• Dataset extract:
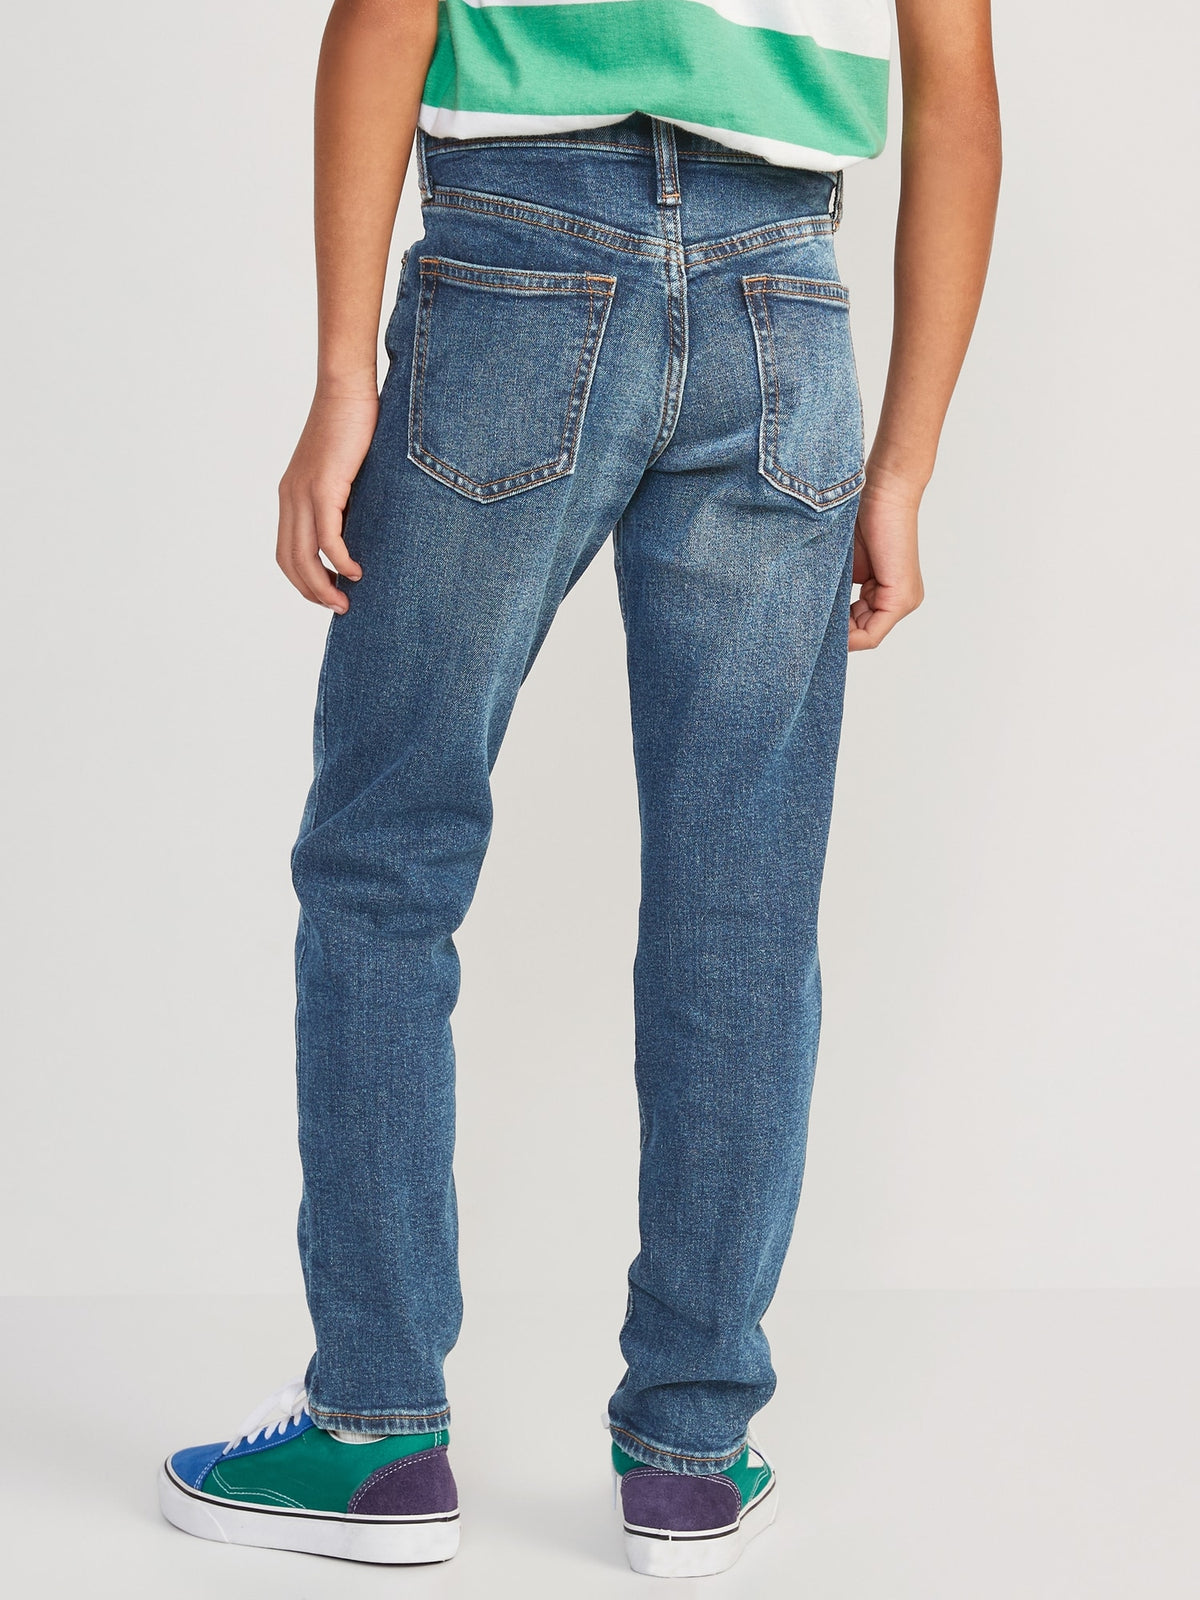 Original Taper Built-In Flex Jeans For Boys
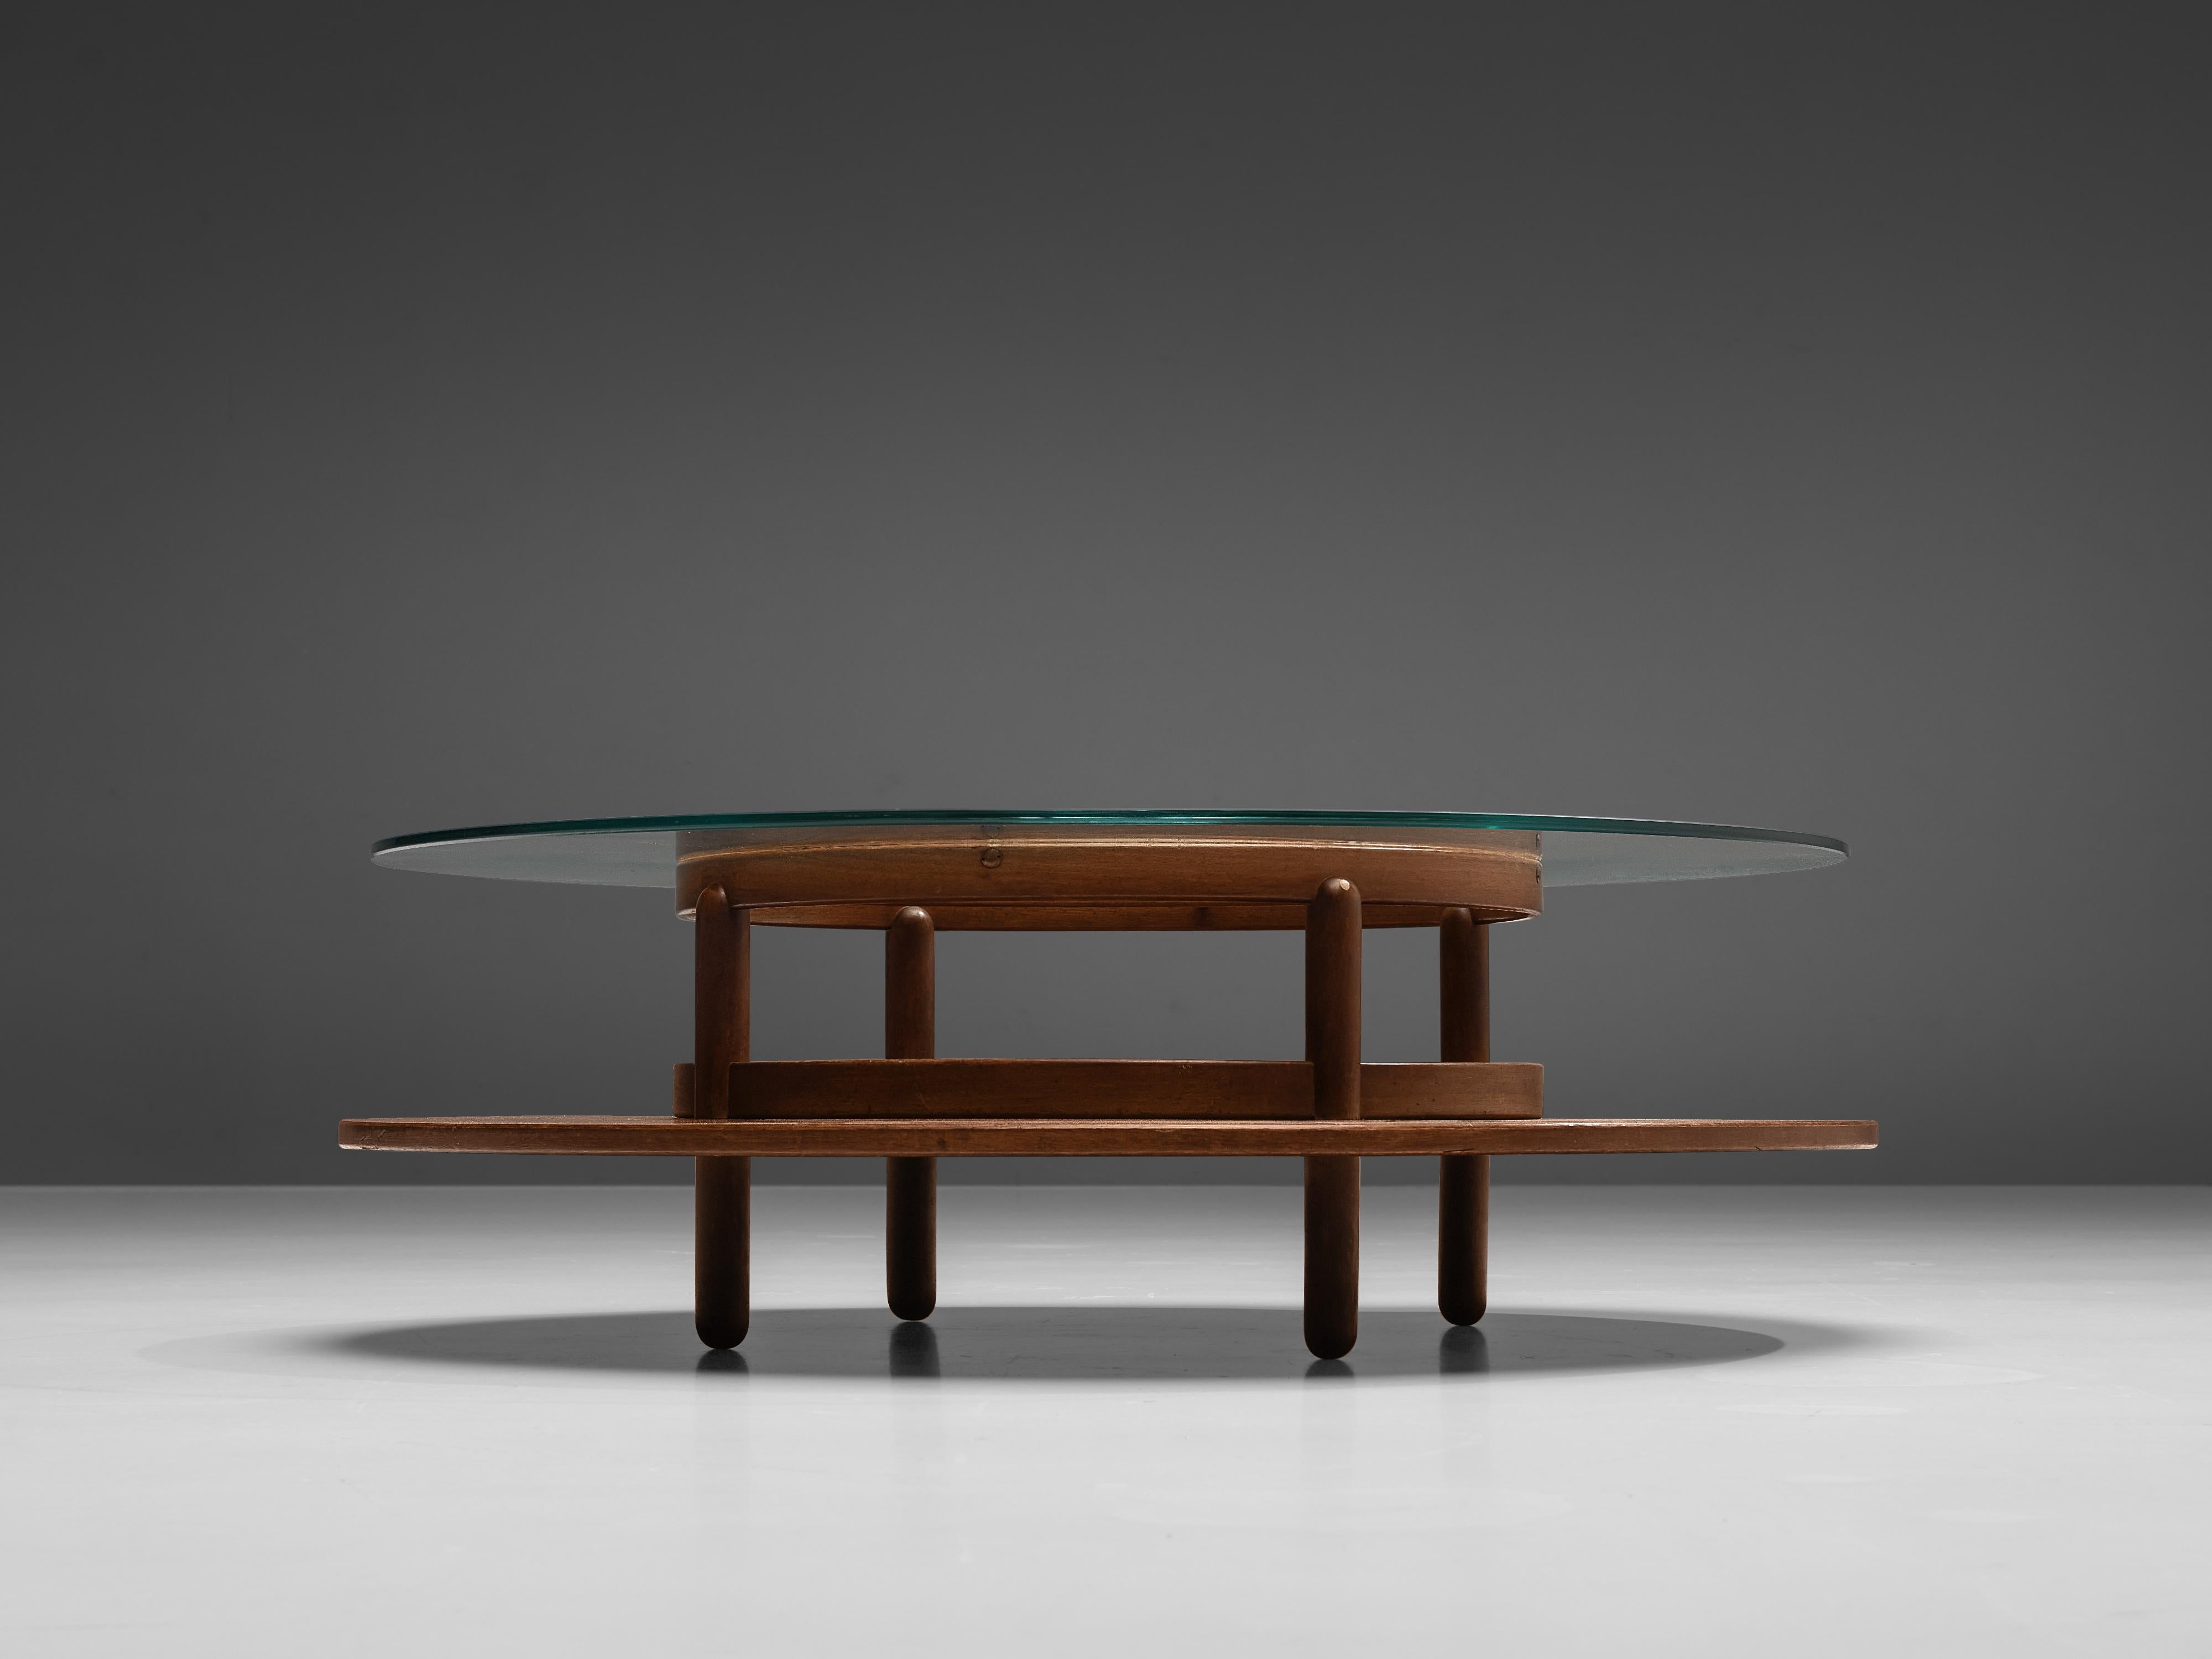 Gianfranco Frattini Round Coffee Table in Walnut and Glass
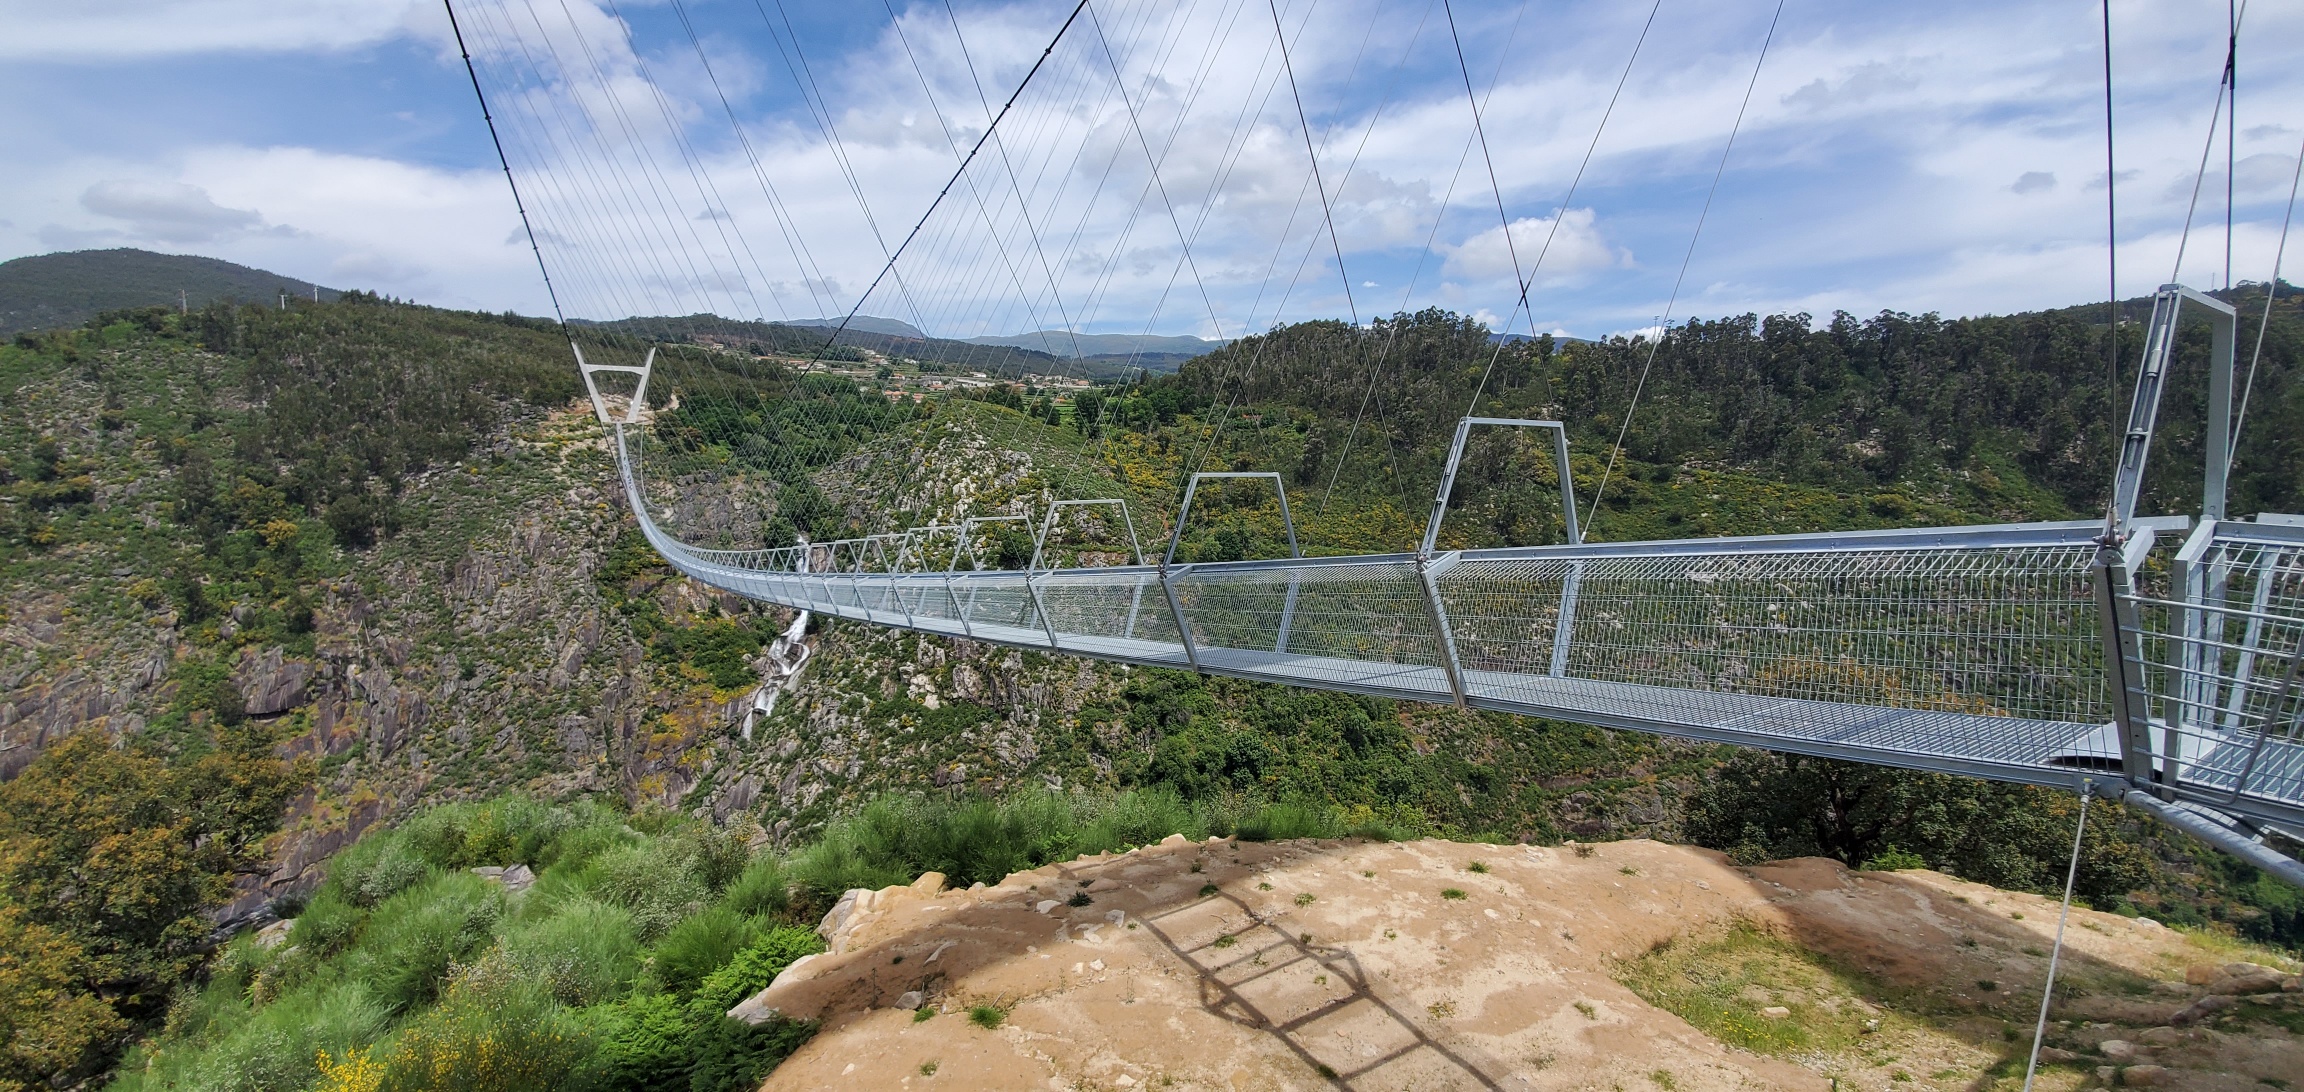 Strolling Across the Longest Suspension Bridge in the World

• Exercise:
Pictures stay out; all other material above is restated word for word.

• Reply:
 Original Taper Built-In Flex Jeans For Boys
 Gianfranco Frattini Round Coffee Table in Walnut and Glass
 Strolling Across the Longest Suspension Bridge in the World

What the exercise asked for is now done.